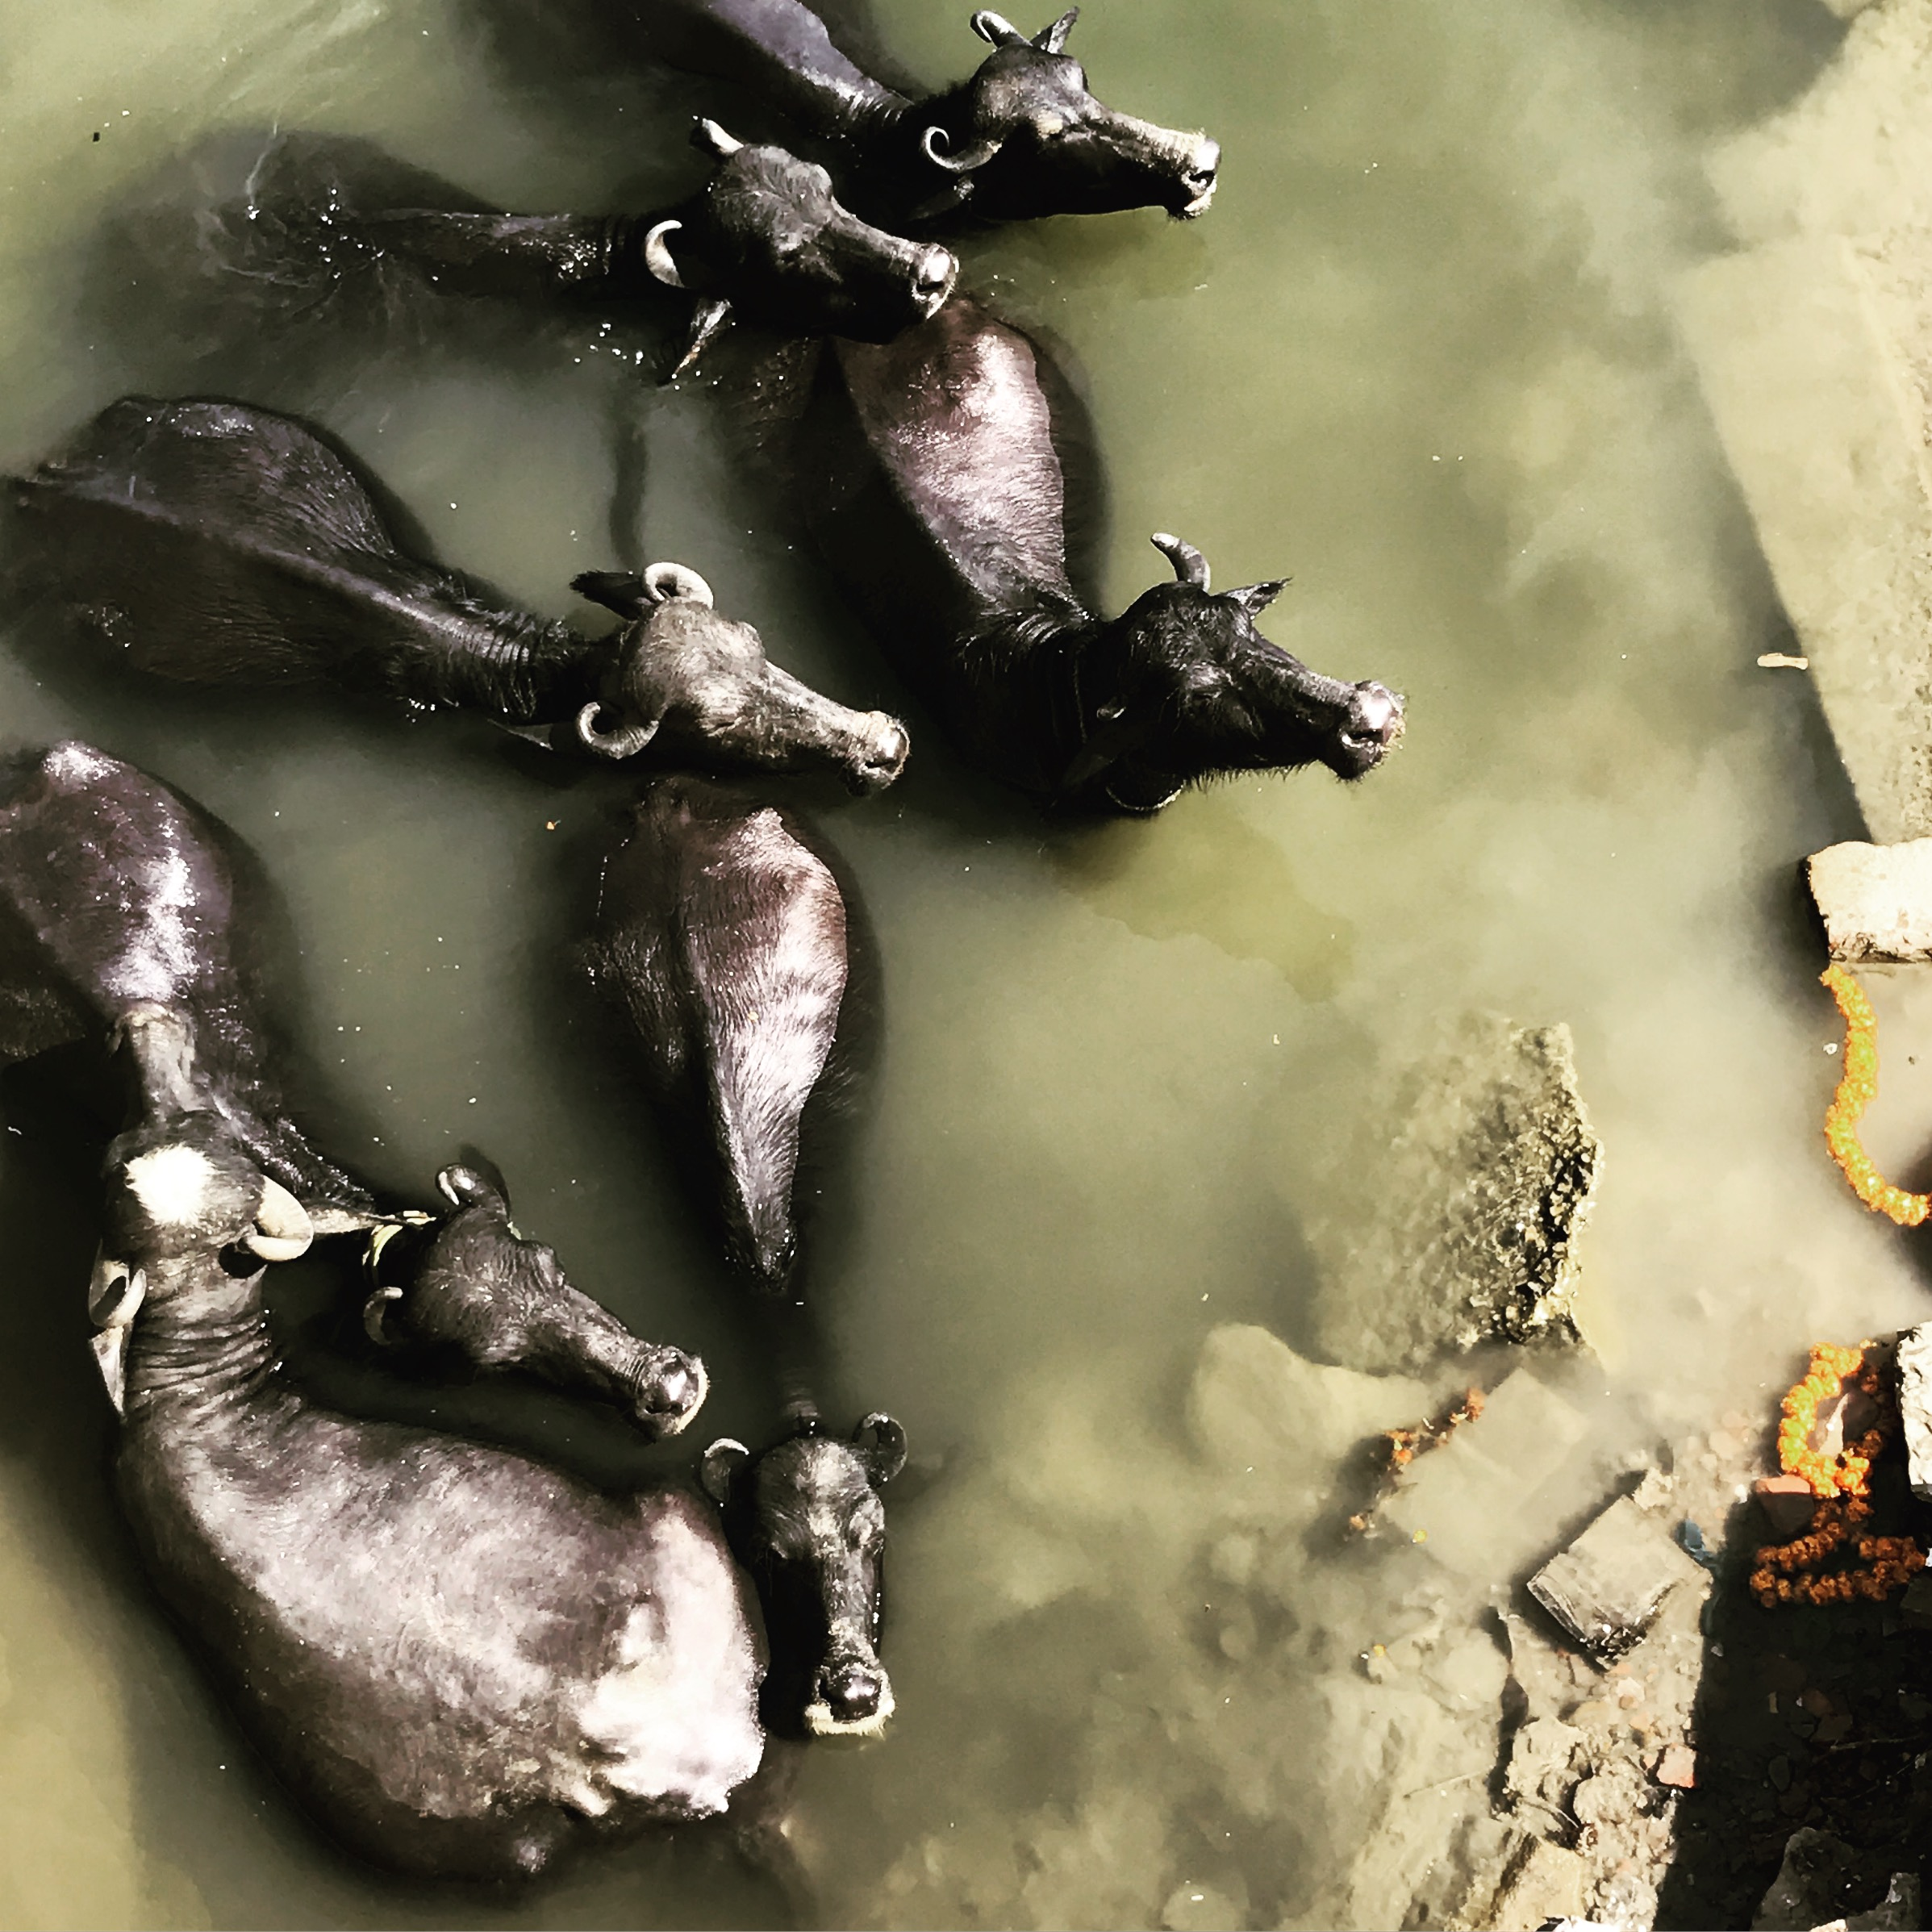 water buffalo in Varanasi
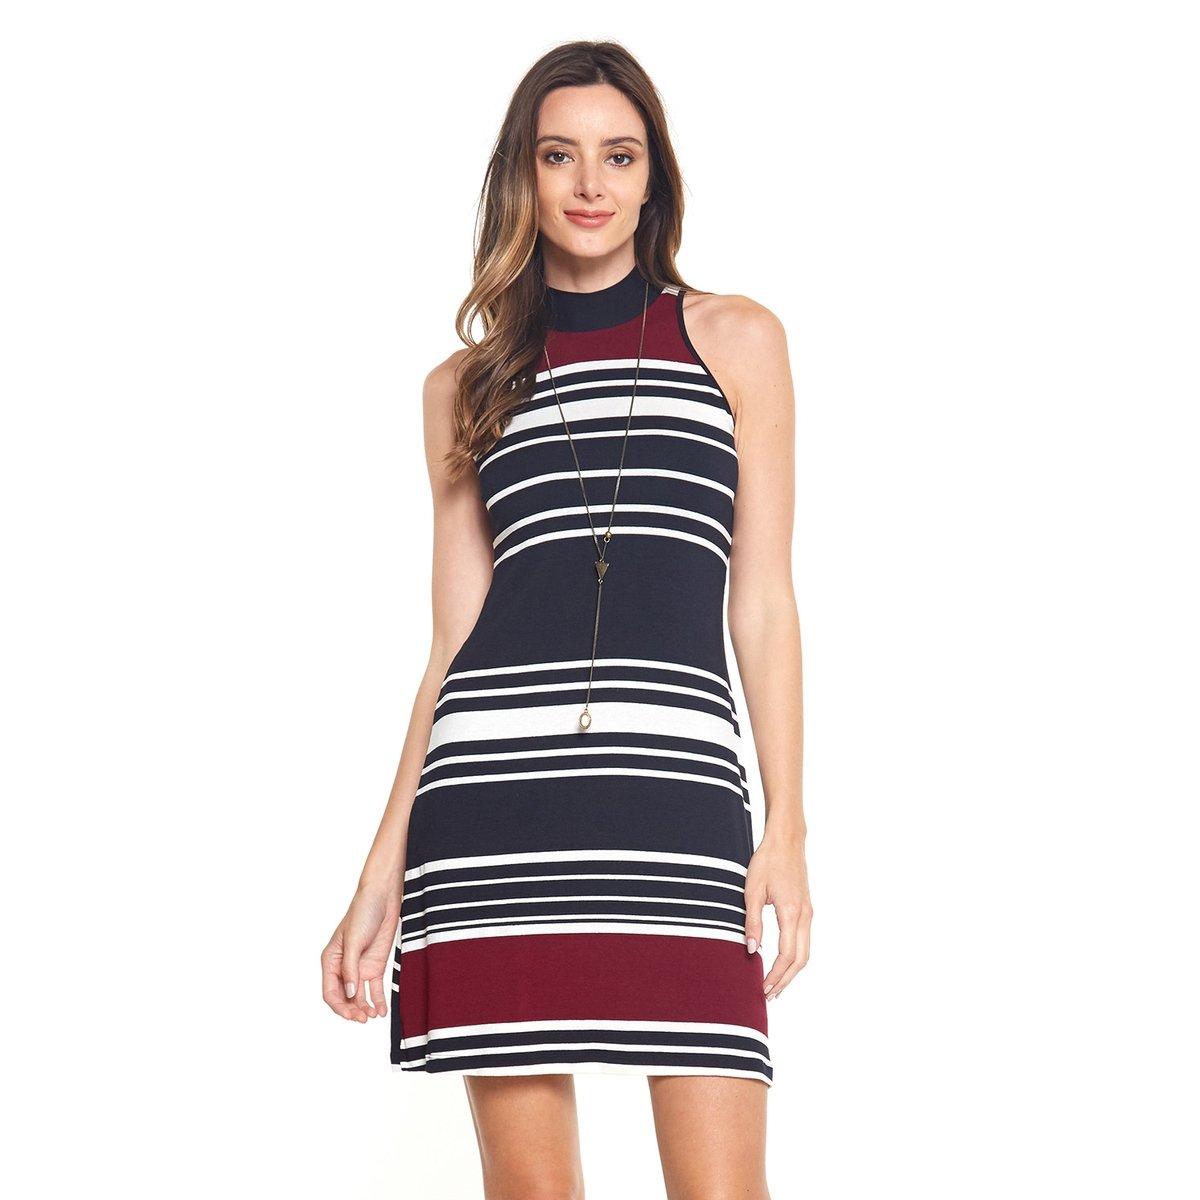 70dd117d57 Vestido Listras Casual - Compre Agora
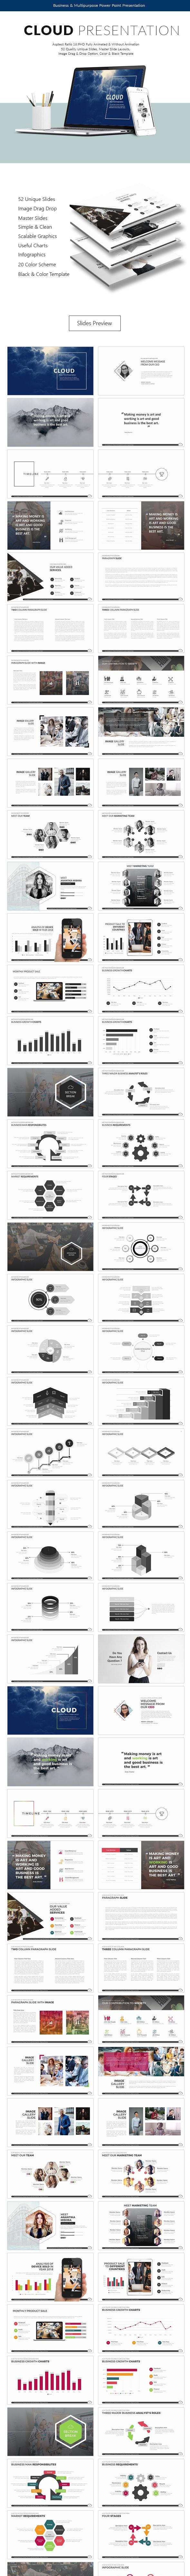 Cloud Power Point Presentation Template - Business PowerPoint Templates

> _TASK INSTRUCTIONS_
Pictures stay out; everything else in the listing above gets repeated exactly.

> _EXERCISE ANSWER_
 water buffalo in Varanasi
 70dd117d57 Vestido Listras Casual - Compre Agora
 Cloud Power Point Presentation Template - Business PowerPoint Templates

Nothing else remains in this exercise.